I applied for a renewal of my child’s passport two weeks ago via DHL but before that made the trek to the embassy and all was confirmed about sending the passport copy with embassy stamp. Last Friday I received an email from Durham stating the original passport was required for the application to be processed. The Cairo embassy now tells me this decision was confirmed to them by the Durham office one week ago. After two rounds of emails with Durham protesting the advice I am now about to start an appeal procedure.

This all seems to me frankly ridiculous. We are barely 3 months into a second revolution/ coup with a curfew still in place. The FCO’s own advice for the country is to carry official ID at all times and Cairo is still considered unsafe to travel to.

During the first revolution the Consulate in Alexandria where we live was as much use as the proverbial chocolate tea pot.

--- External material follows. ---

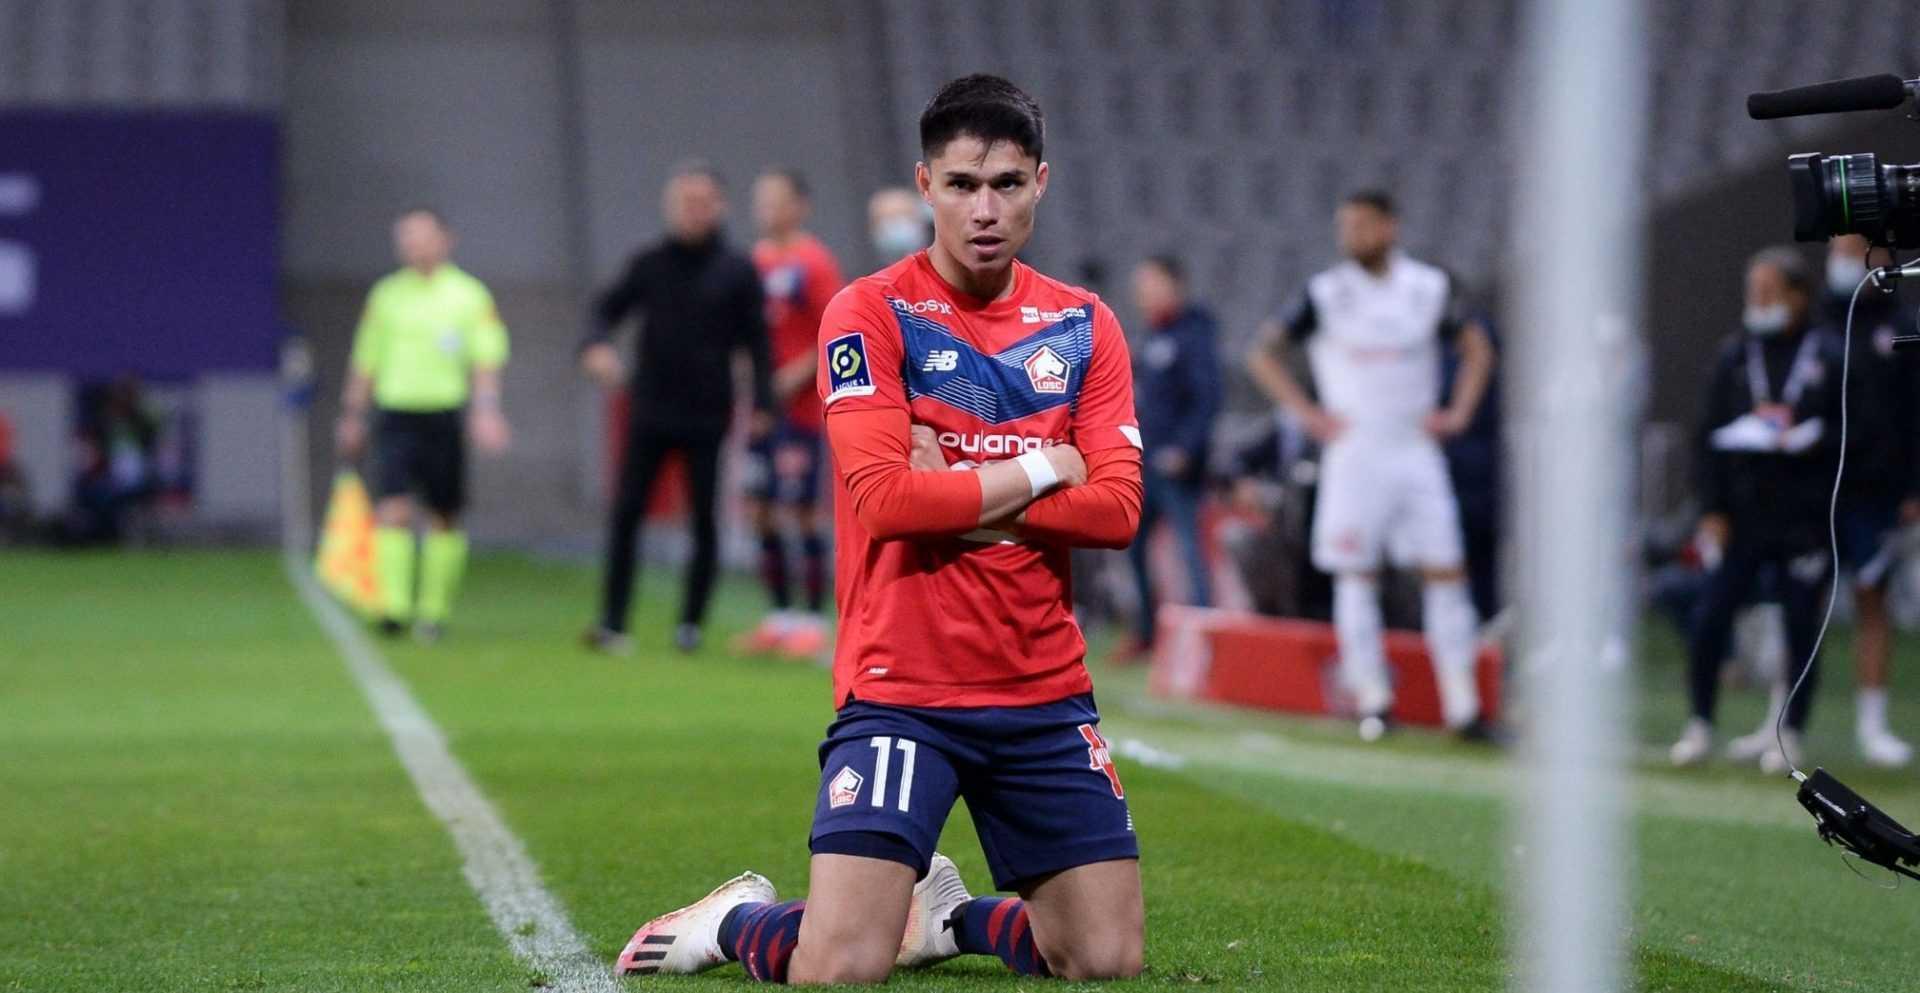 Ligue 1, giornata 33: quattro squadre in lotta per il titolo

Effectively they shut up shop and ran away. In view of the present turbulence I am not prepared to send off my child’s passport and if necessary will have to arrange another trip to the UK to get it processed. Similarly I suggest that If anyone needs a passport in the next 9 months they make plans to visit a UK passport office.


----------



## canuck2010 (Jan 13, 2010)

They have similar procedures for the Canadian Embassy, just make a photocopy of your old passport with your visas. The Embassy can always issue an emergency passport if needed.

I actually renewed my passport last year in Cairo, and the Embassy kindly expedited the renewal process in less than two weeks; they wanted to be sure I had the new passport just in case of the need to flee the country.


----------



## bermac (Mar 1, 2011)

canuck2010 said:


> They have similar procedures for the Canadian Embassy, just make a photocopy of your old passport with your visas. The Embassy can always issue an emergency passport if needed. I actually renewed my passport last year in Cairo, and the Embassy kindly expedited the renewal process in less than two weeks; they wanted to be sure I had the new passport just in case of the need to flee the country.


The new Canadian chip passport takes 20 working days and now costs $190 for 36 pages of which the last 4 pages are unusable - they have "not to be used" or something like that written on them. So now it is a complete rip off as the passport is really 32 pages. No 48 page passport available anymore and you still cannot add pages to a Canadian passport. So parochial.


----------



## canuck2010 (Jan 13, 2010)

I was lucky, it just so happened I had my passport renewed about a month or so before the new design came in, so I have a 48 page passport with the old style pages.


----------